Гош прошел к двери, и его уверенная жесткая аура перестала давить на Германа. Да и Марк, кажется, вздохнул с облегчением.
– Хорошо хоть не линейкой, – порадовался он, спеша выполнить указания Гоша. – В прошлый раз так поперек спины получил, думал, след останется. Но мастер Гош в этом деле специалист.
– В деле избиения студентов? – не удержался от колкости Герман, привыкая к тугой повязке.
– В деле воспитания ценных кадров, – явно процитировал Марк и, судя по звуку, развалился в кресле своего наставника и кумира. – О, он твой медицинский лист оставил. Дай-ка мне взглянуть. Хм… Хм, интересно.

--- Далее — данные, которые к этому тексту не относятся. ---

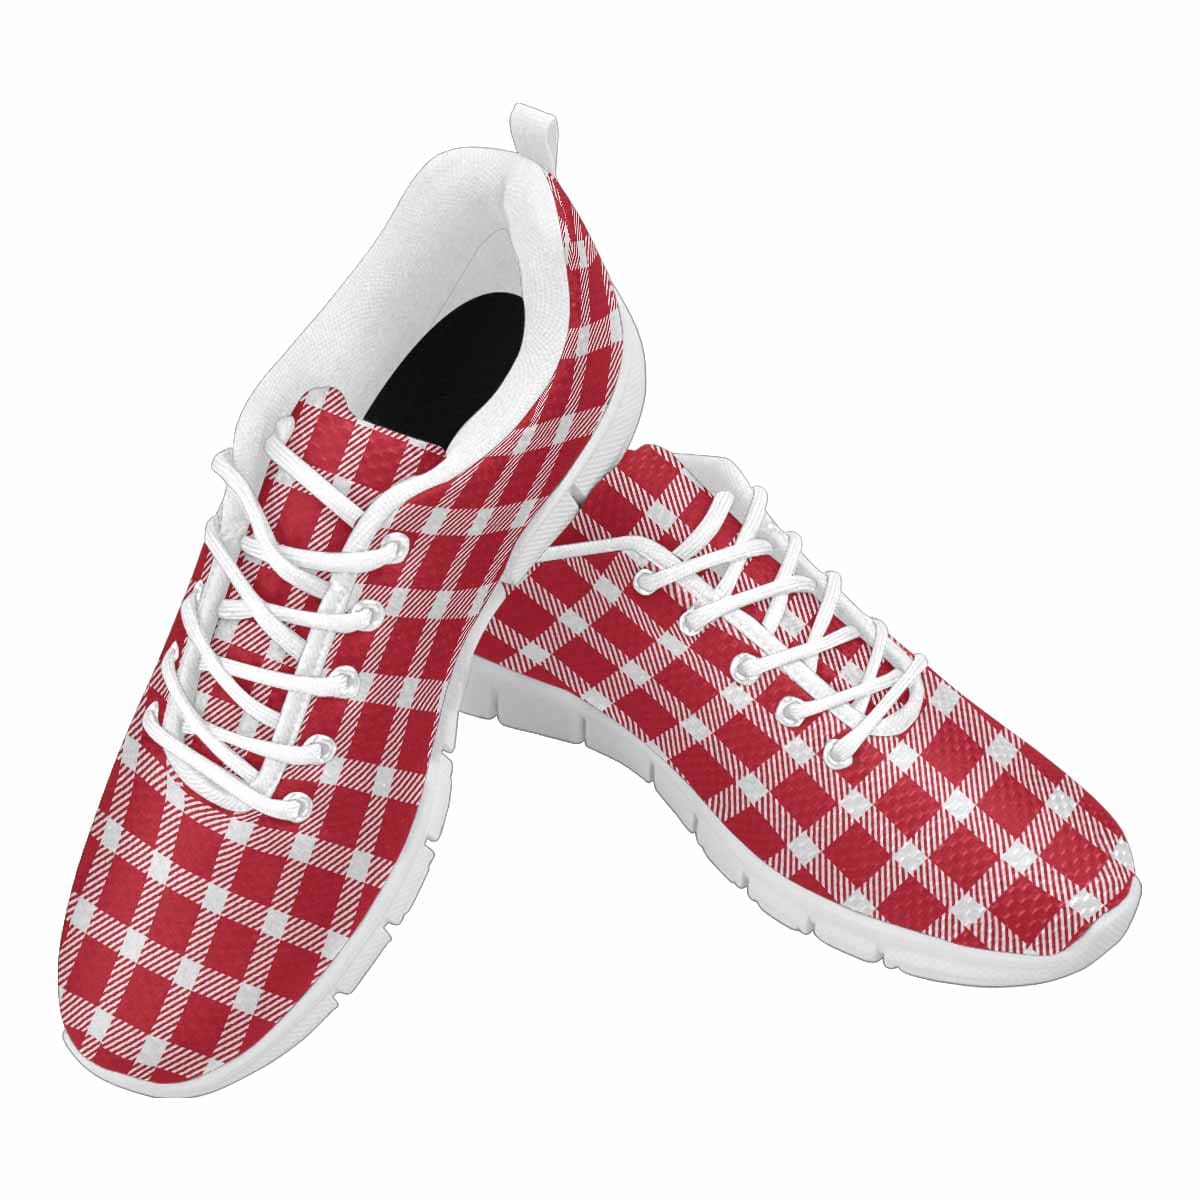 Sneakers For Men Buffalo Plaid Red And White - Running Shoes Dg857 - Mens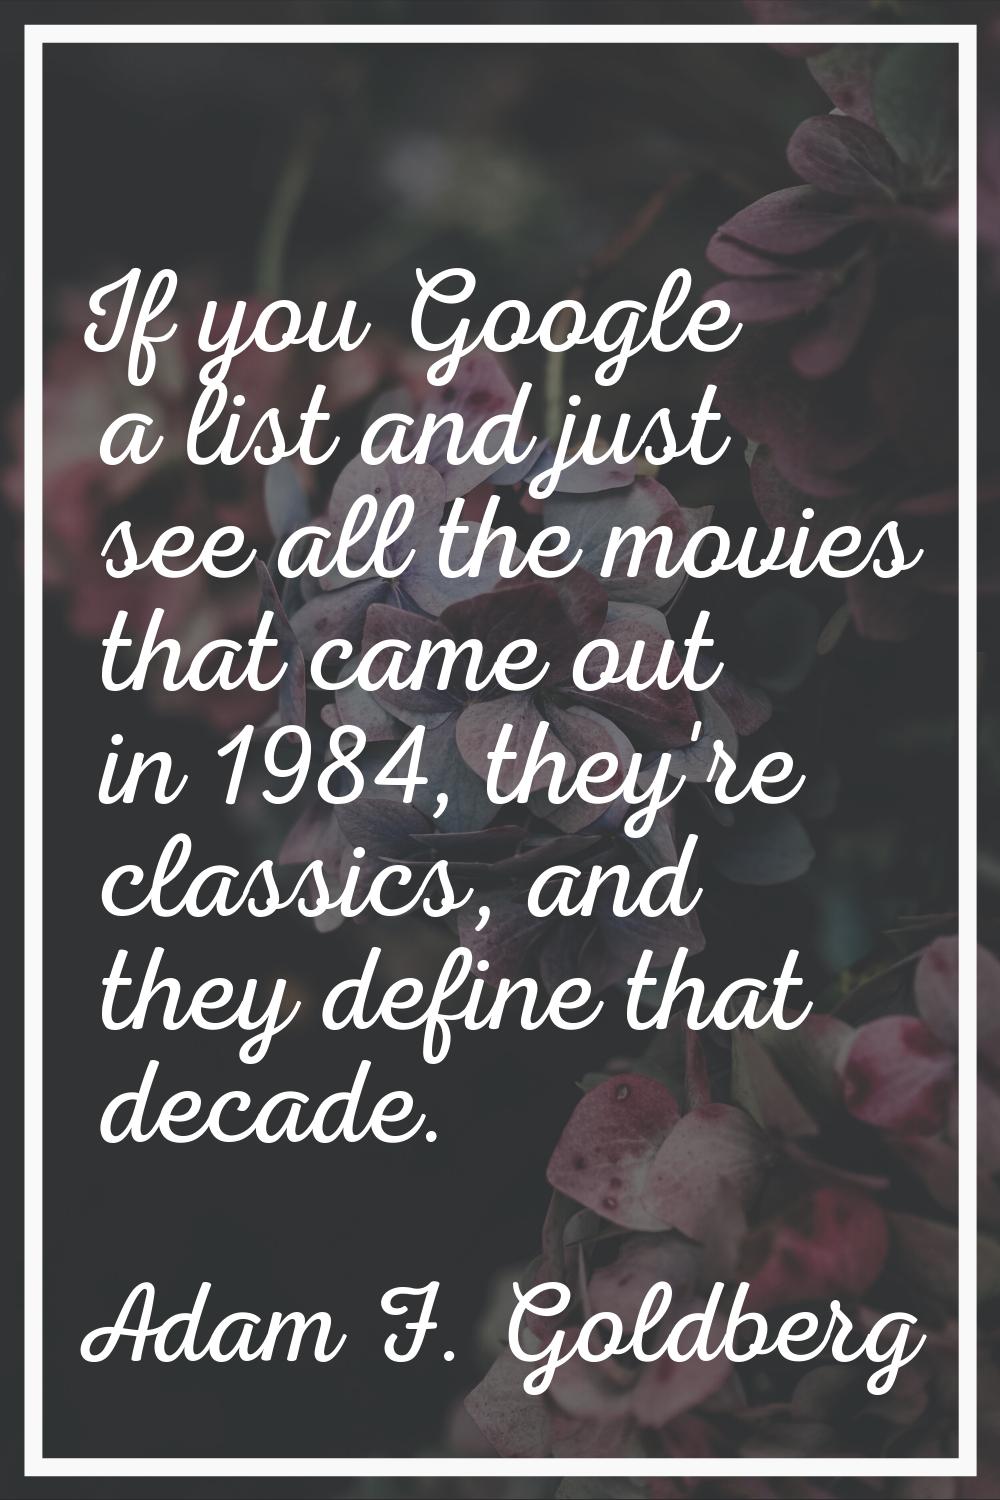 If you Google a list and just see all the movies that came out in 1984, they're classics, and they

Поскольку Герману так никто и не удосужился объяснить, что с ним случилось и как долго будет продолжаться, Марка ему будто сама судьба послала.
– И мне скажи, хорошо? Кажется, я имею право знать.
– Мастер Гош придерживается мнения, что пациент не нуждается в лишней информации, – Марк зашуршал страницами. – Я, правда, тут с ним не согласен, и знаешь, с ним очень сложно быть не согласным. И иногда больно.
В общем, о мастере Гоше у Германа потихоньку складывалось не самое приятное впечатление, но вот Марк испытывал к нему безграничное уважение и, похоже, почти боготворил.
– Он настолько хорош?
Если Марк и удивился резкой смене темы, то не обратил на это внимания. Его настрой менялся куда резче и чаще, и не зная Герман его лично, решил бы, что имеет дело с безумцем. Возможно, все медмаги такие, кто знает.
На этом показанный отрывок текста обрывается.